Sanitizing storage media to reliably destroy data is an essential aspect of overall data security. We have empirically measured the effectiveness of hard drive-centric sanitization techniques on flash-based SSDs. For sanitizing entire disks, built-in sanitize commands are effective when implemented correctly, and software techniques work most, but not all, of the time. We found that none of the available software techniques for sanitizing individual files were effective.

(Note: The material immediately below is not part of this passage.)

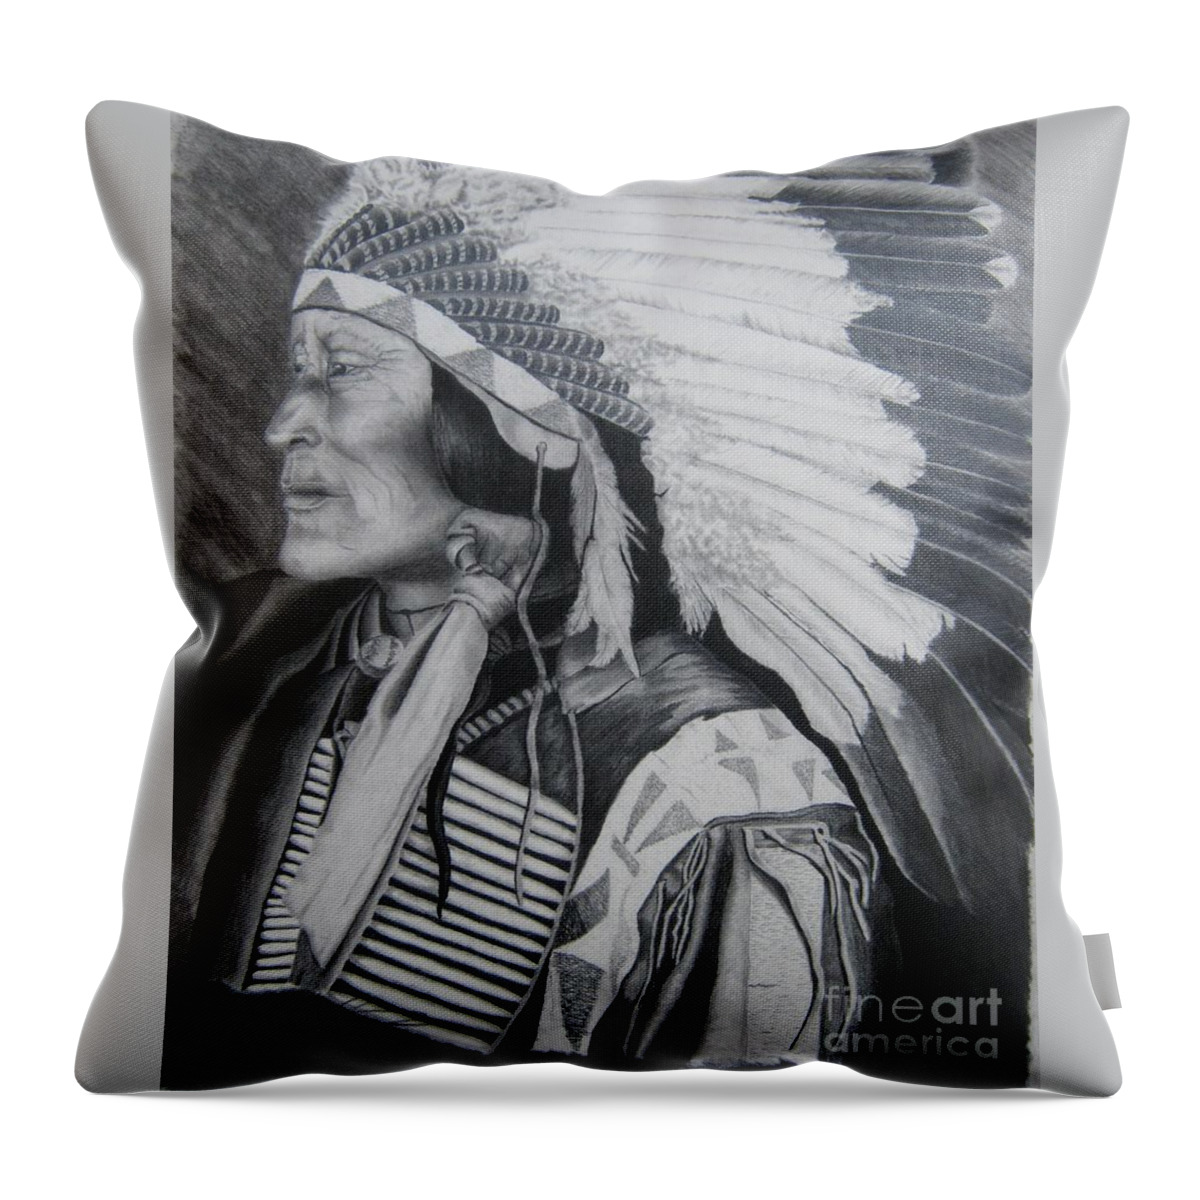 Native American Throw Pillow featuring the drawing Lokata chief by John Huntsman

To remedy this problem, we described and evaluated three simple extensions to an existing FTL that make file sanitization fast and effective. Overall, we conclude that the increased complexity of SSDs relative to hard drives requires that SSDs provide verifiable sanitization operations.
 
I'd like to propose stage 4 as friendlier to the environment. My stage 4 is simply complete disassembly of a drive, removing the read-write heads, neodymium magnets and disk platters. All of King Charlie's hoses and all his men could not a drive back together after full disassembly.

Also, I might add that some recyclers feed drives into a large noisy machine that simply grinds then up.
 
Those who think that secure erase is insufficient for data protection, please provide a PoC before crying wolf. Until that happens, this continues to be just a complete waste of resources.
Completely agree, this practice is incredibly wasteful. Drive-wiping is easy, quick and effective. This kind of waste should be illegal.